Daily Exposition of the Readings for Catholic Mass...

as well as Prayers to the Saints on the General Roman Calendar (for the U.S.).  

From the books Our Daily Bread and Prayers to the Saints by James H. Kurt - both with imprimatur.

Oct 30, 2023

(Rm.8:18-25;   Ps.126:1-6;   Lk.13:18-21)

 

“Hoping for what we cannot see

means awaiting it with patient endurance.”

 

We cannot see the coming of the kingdom of heaven.  It comes so gradually; it rises imperceptibly, “like yeast which a woman took to knead into three measures of flour.”  It grows like the tiny mustard seed, which “became a large shrub and the birds of the air nested in its branches.”  A most fruitful reign is the reign of God, and well worth the wait.  As Paul says, “I consider the sufferings of the present to be as nothing compared with the glory to be revealed in us.”  But wait we must.  In hope we take our refuge.  And as we hope, indeed we suffer, for “we ourselves, although we have the Spirit as first fruits, groan inwardly while we await the redemption of our bodies.”  With the rest of creation we groan “in agony” for the futility to which the physical universe has been subject.  Yet hope have we, and it is this which gives us a sense of joy even as we wait so patiently.

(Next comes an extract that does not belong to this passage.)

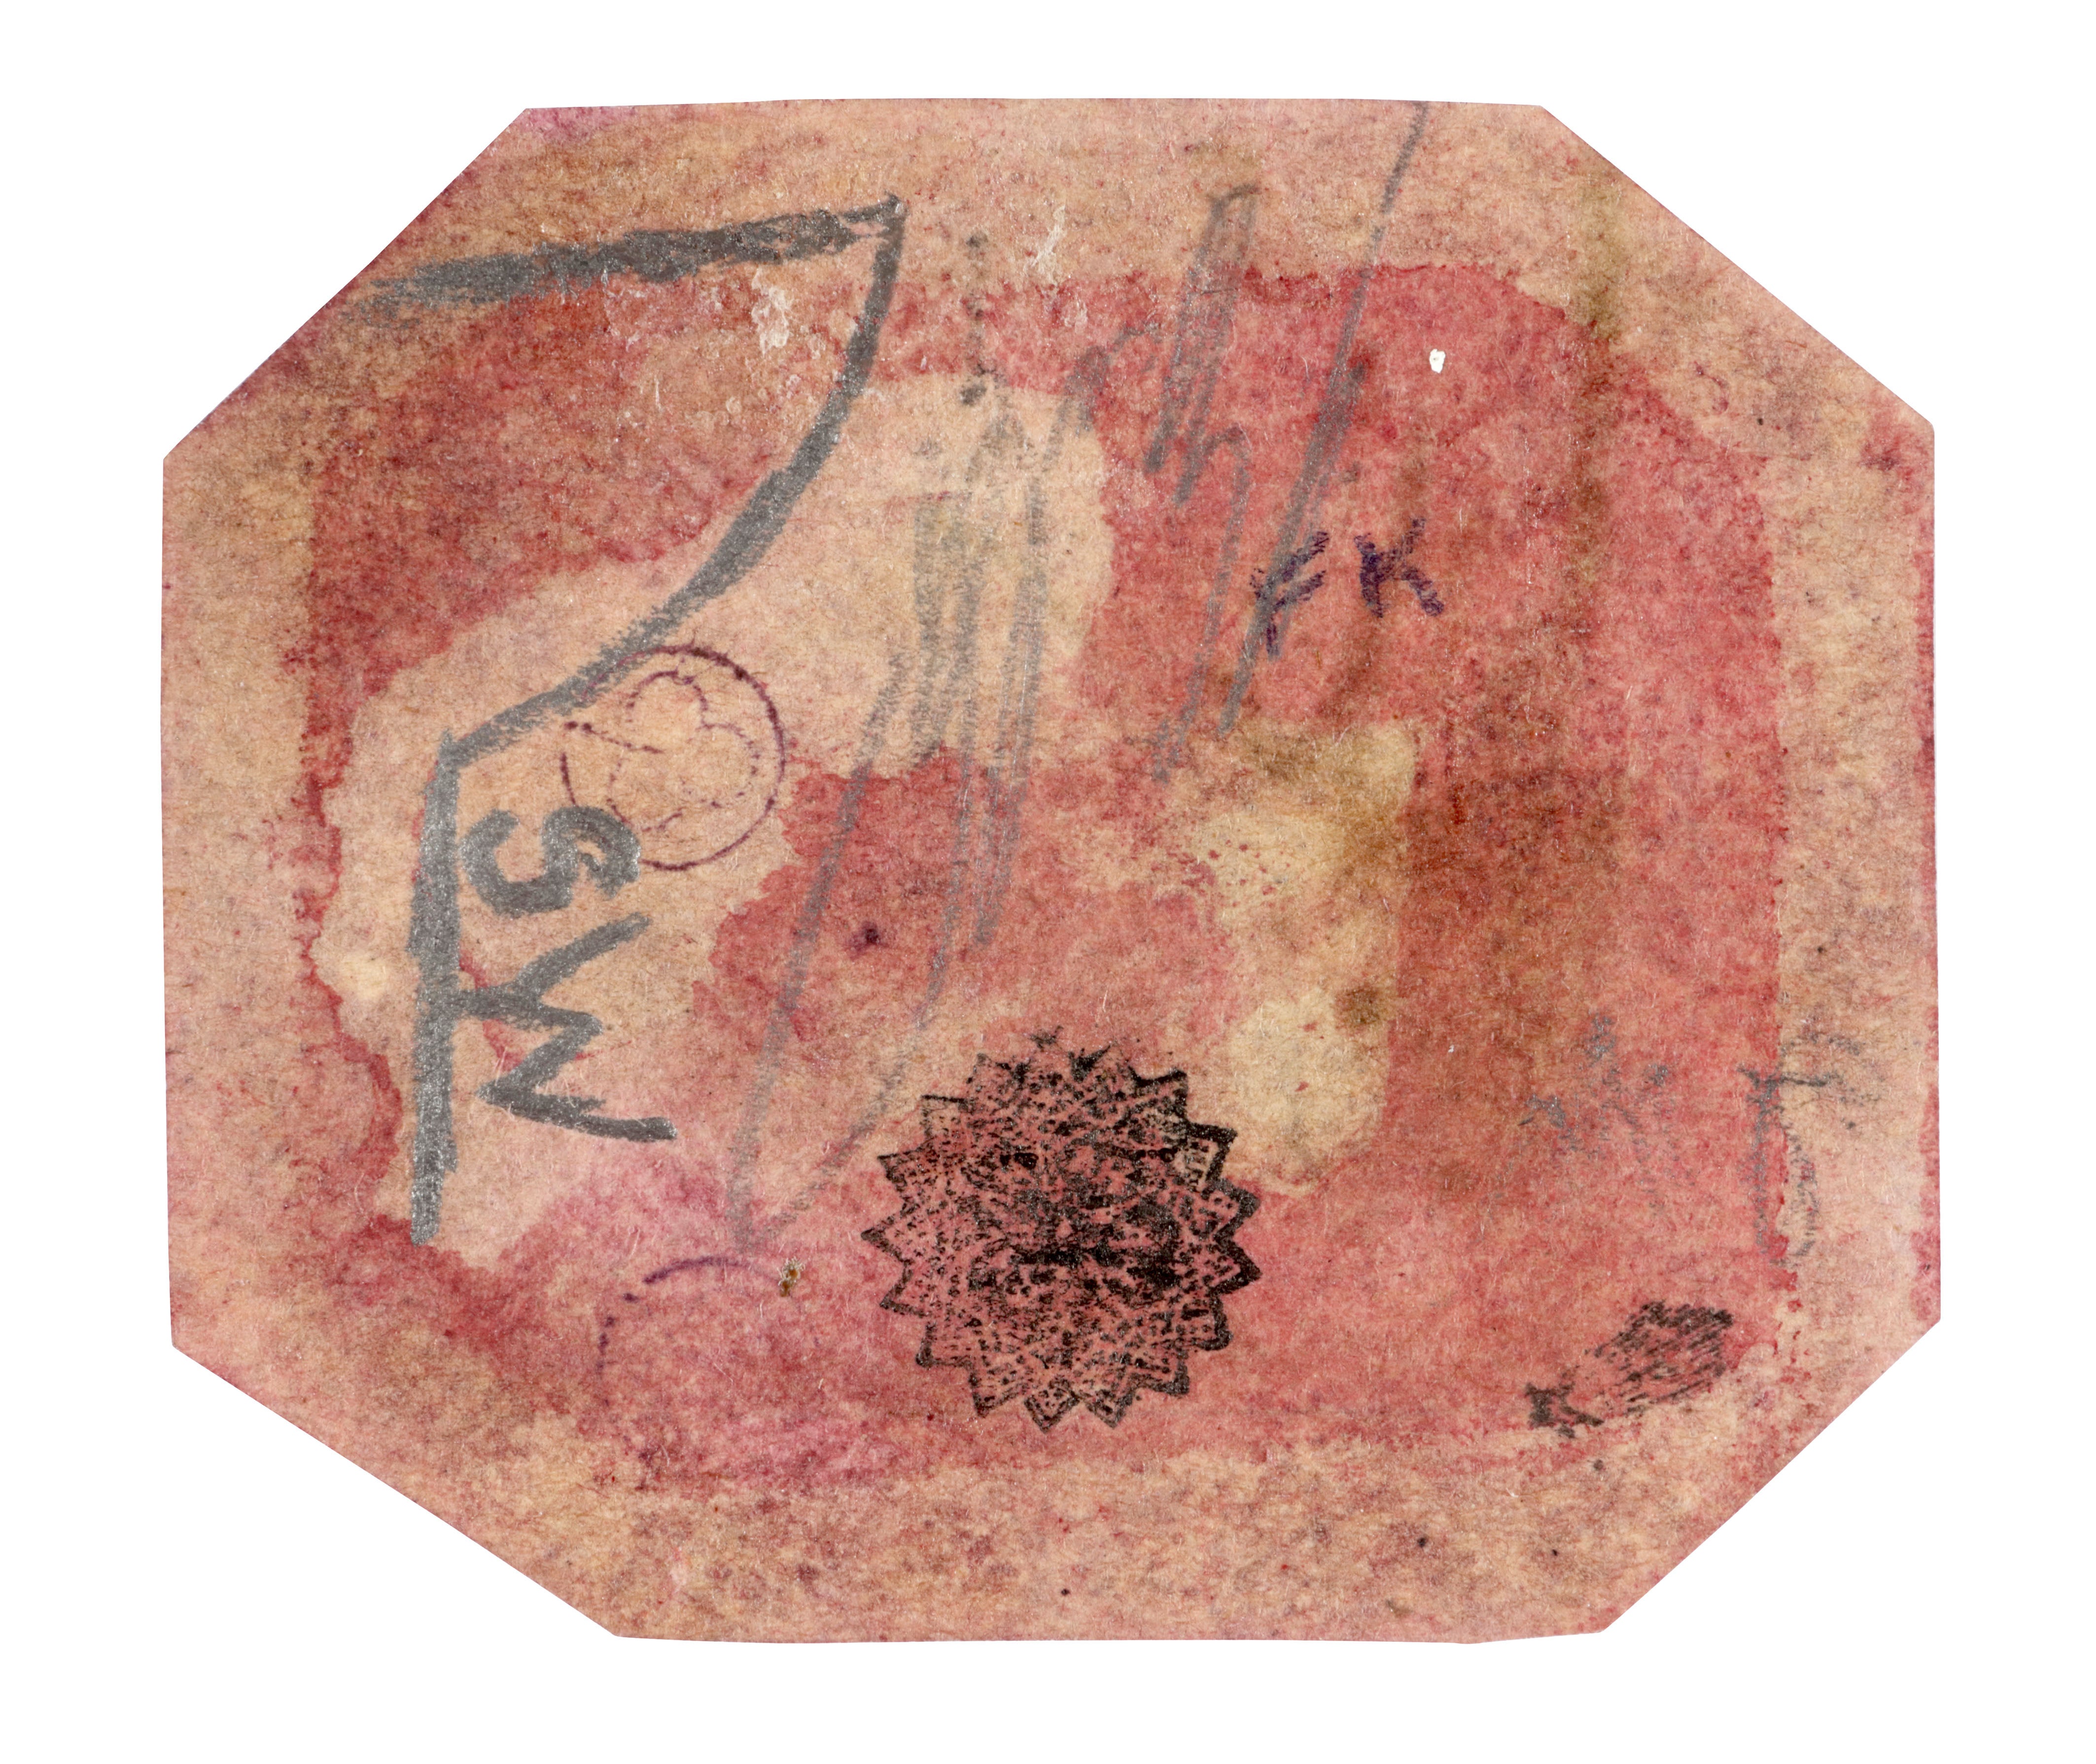 The world’s rarest stamp, the British Guiana 1c Magenta

“Those that sow in tears shall reap rejoicing.”  Our psalm gives us a picture of the joy that awaits us in the redemption of the just in the kingdom of God as it describes the happiness of the exiles’ return from Babylon: “We were like men dreaming.  Then our mouth was filled with laughter, and our tongue with rejoicing.”  The knowledge of the Lord’s hand at work in the lives of these Israelites can only increase our hope, can only stir our faith that we too shall sing, “The Lord has done great things for us,” that we too shall “come back rejoicing” after this time of trial which is our stay here on this earth.  And the fact that we have the Spirit now as the first payment against the day of judgment and against the power of Satan in this dark world causes a sense of joy already in our bones, gives us even now a foretaste of the kingdom to come, and which comes to us indeed each day in every breath we breathe in His presence, and particularly in the food He leaves us to consume at the altar of His holy sacrifice.

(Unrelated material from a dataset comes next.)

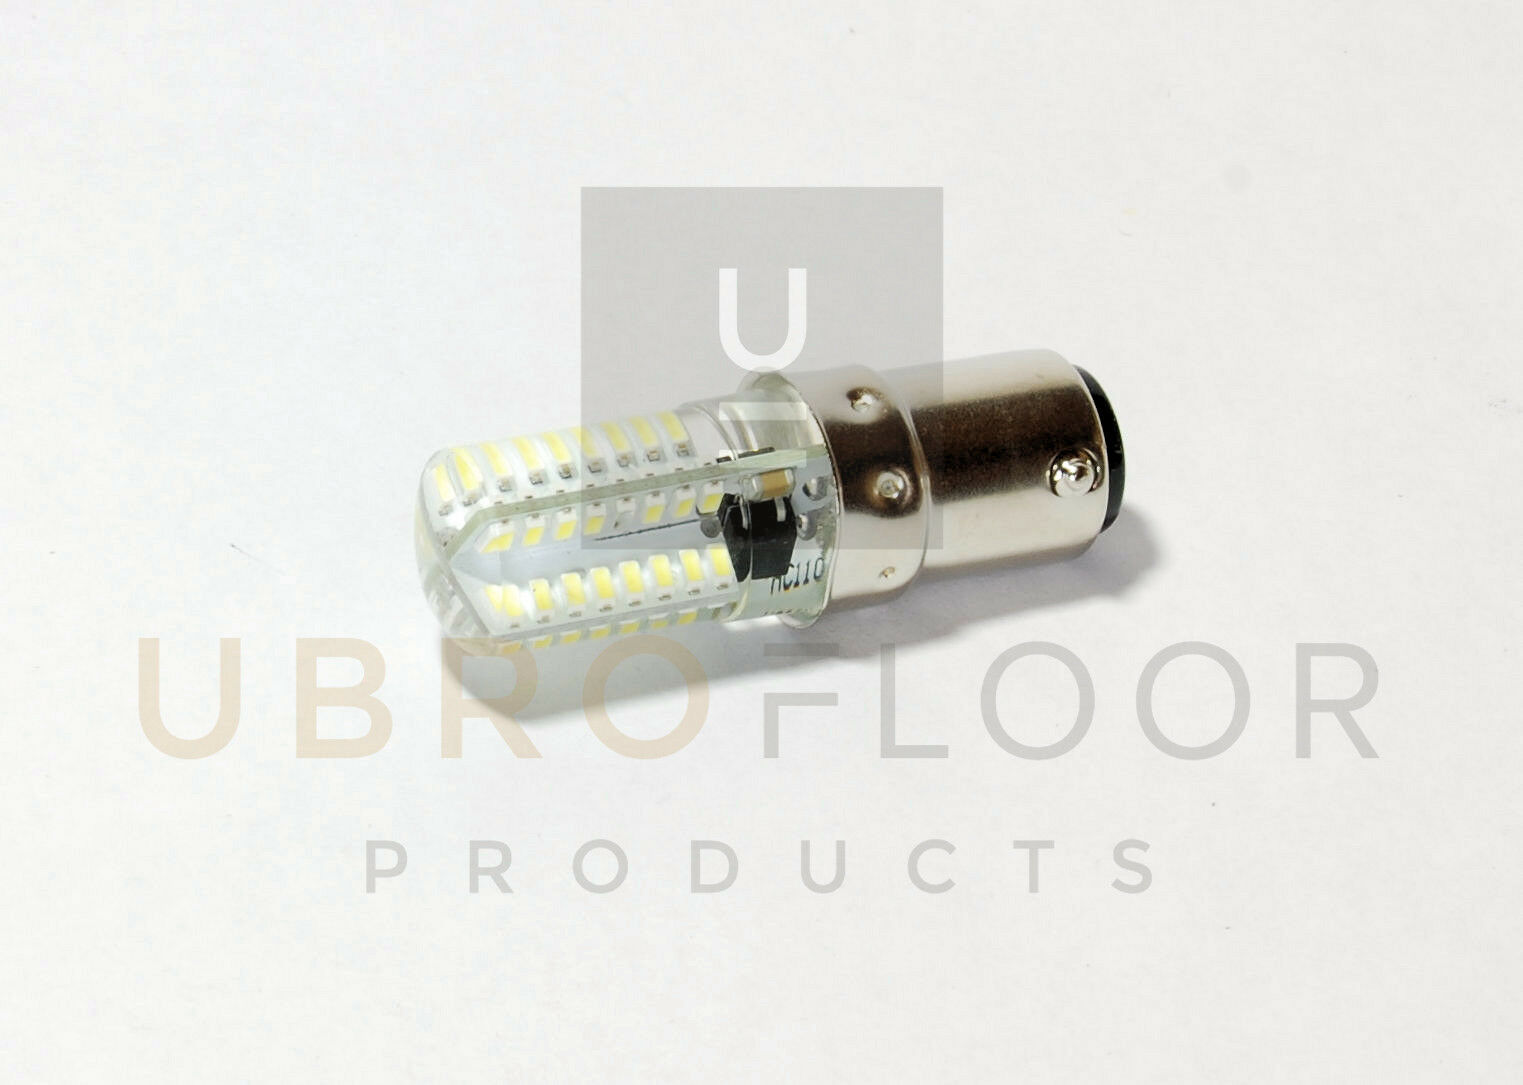 As010200 Led Lightbulb For Clarke Super 7 Or B2 Edger Replaces 911113 Light

Yes, we have His Word at work in us even now, brothers and sisters.  Even as we speak (even as I write), the seed does grow into a tree, the yeast does cause the dough to rise.  Though it take time and we hope most for its fulfillment, yet it is with us even now in this blessed growth we experience in the sight of our God, in the blood of our Lord.  Our hope is not in vain, and the tears we shed now certainly nourish the growth of the kingdom within us and all around us.  Even in these does our hope find fulfillment.  Even in these tears do we taste surpassing joy. 

 

*******

O LORD, let us hope in you always;

your kingdom is rising in our midst.

YHWH, in patience let us await the coming of your kingdom, for it shall surely come and is even now here within us.  When it shall be revealed to our eyes, our hope will be fulfilled and all our groanings answered.  We shall indeed rejoice in your presence on that holy day.

Your Spirit is now planted in us as a seed of the kingdom, and though we go forth in tears doing your work in this dark world, we ever have the Spirit’s reassurance – the hope He engenders makes any sufferings seem as nothing.  For your glory, O God, shall soon be revealed in its fullness; it shall soon come to full growth and we will take rest in its branches.  O let us rise unto you!

And so, with patient endurance let us wait, O LORD, for the dawn upon the horizon, for on the new day all Creation shall sing your praise, all its sorrow forgotten.